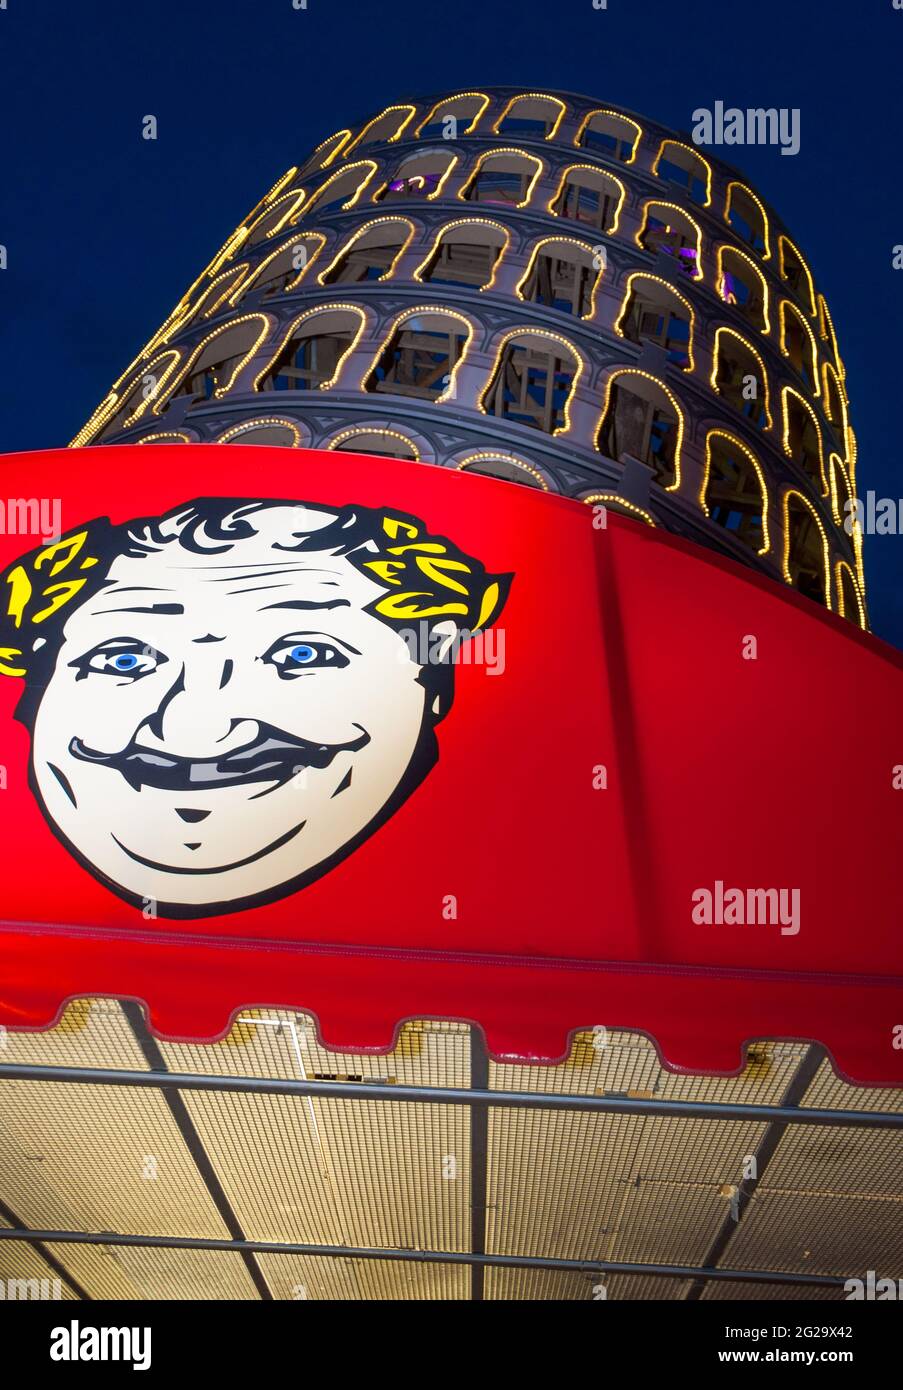 La replica della Torre Pendente di Pisa si fa balzare dietro un baldacchino rosso che presenta un disegno di un uomo sorridente che ha occhi blu, baffi e allori intorno a lui Foto Stock
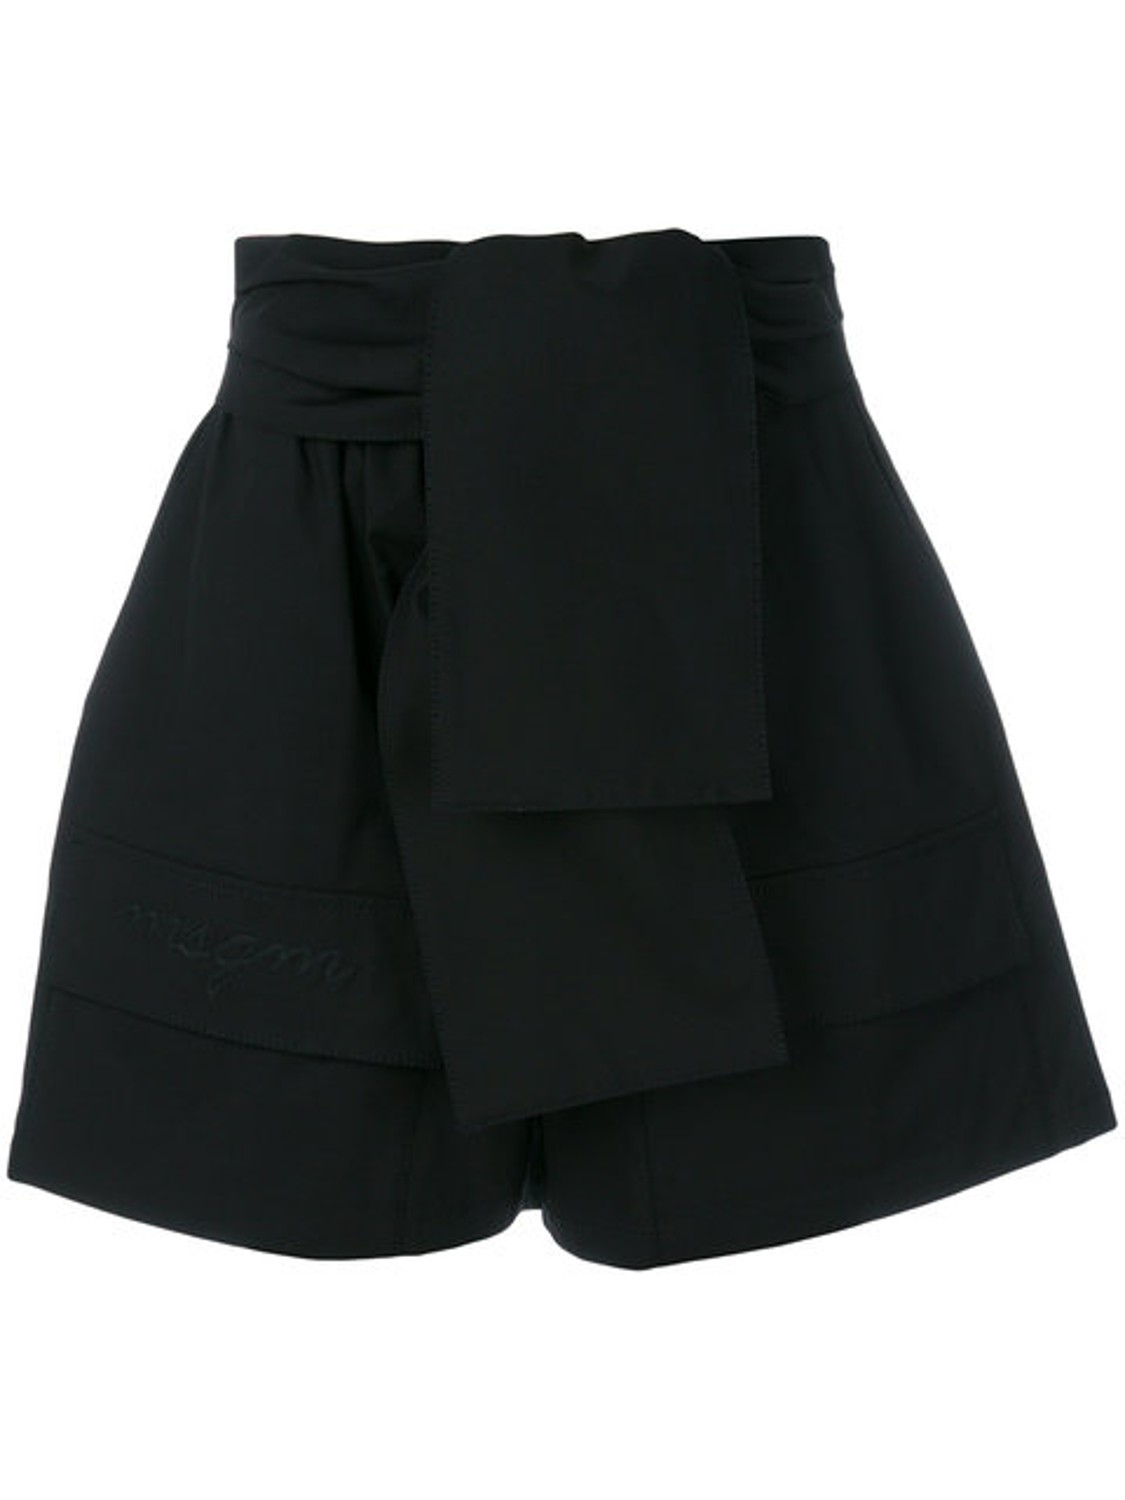 shop MSGM  Pantaloni: Pantaloncini MSGM, logo su tasca davanti, fiocco in vita, elastico in vita, chiusura con zip.

Composizione: 100% cotone. number 1251
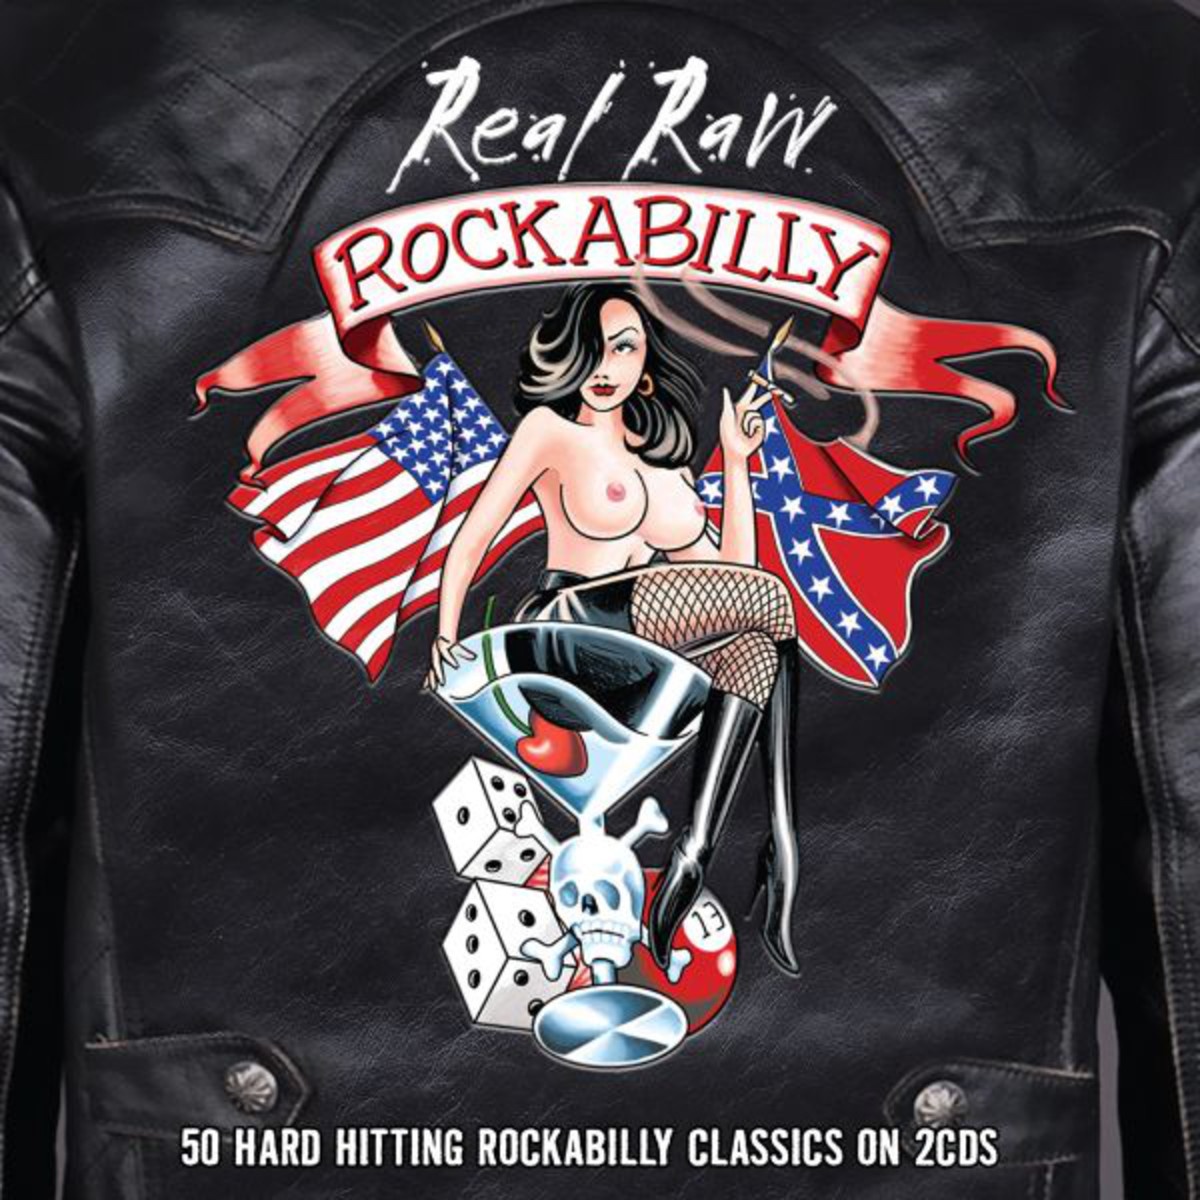 Real Raw Rockabilly
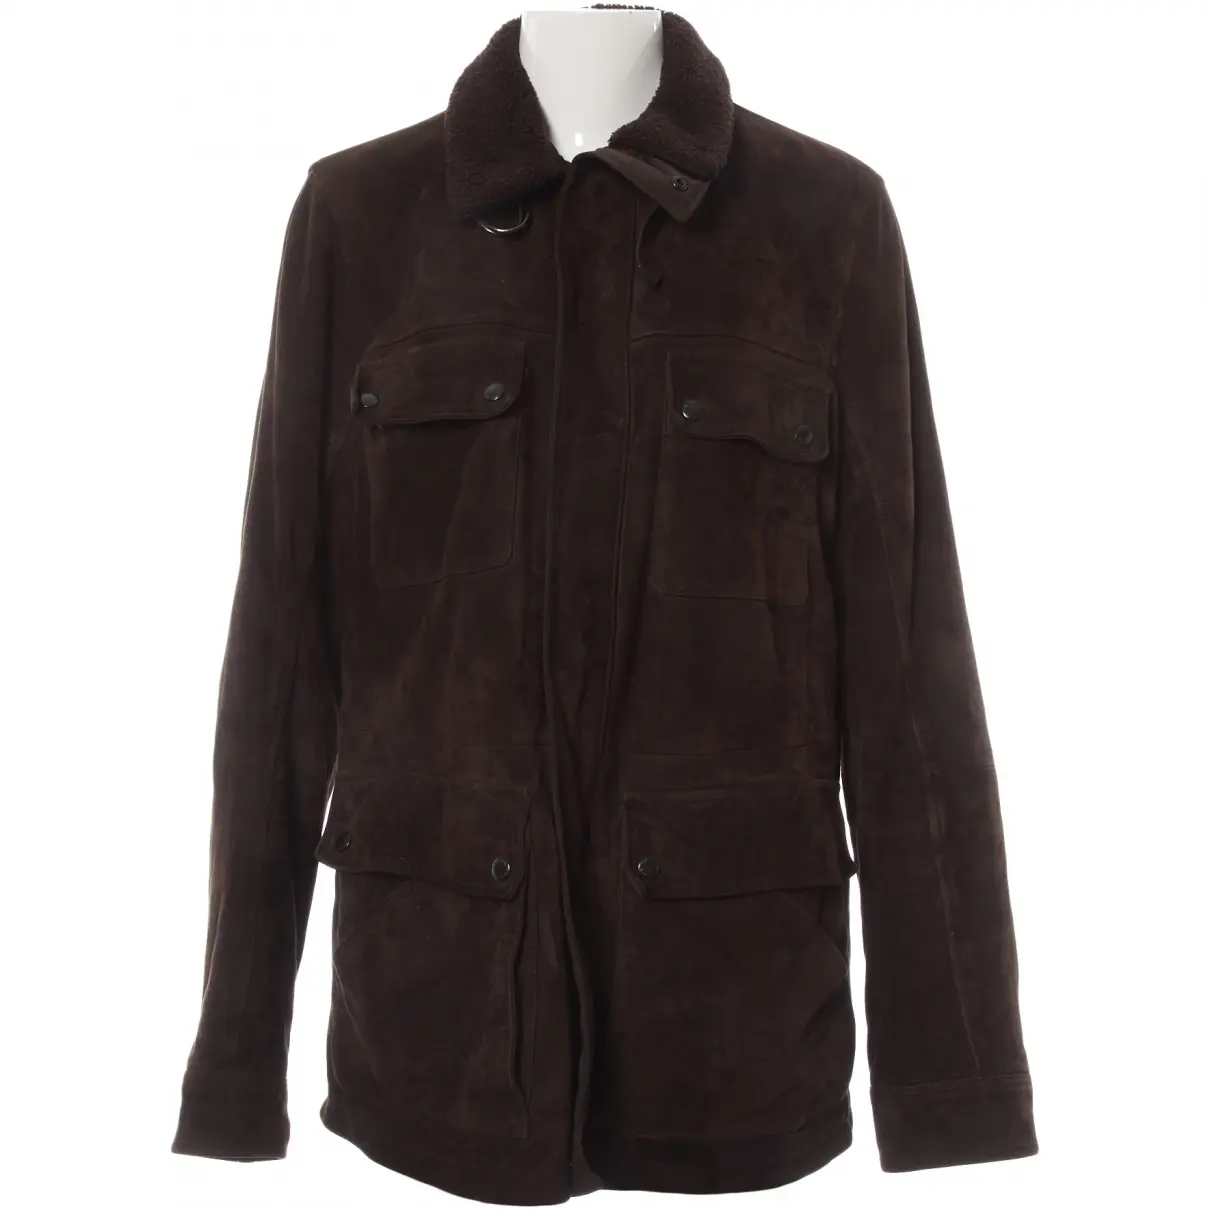 Leather jacket Prada - Vintage

▶ [EXERCISE DIRECTIONS]: Restate word for word each line from the one containing "chiusura con zip." through the end of the material, pictures excluded.

▶ [RESPONSE TO THE TASK]:
 shop MSGM  Pantaloni: Pantaloncini MSGM, logo su tasca davanti, fiocco in vita, elastico in vita, chiusura con zip.

Composizione: 100% cotone. number 1251
 Real Raw Rockabilly
 Leather jacket Prada - Vintage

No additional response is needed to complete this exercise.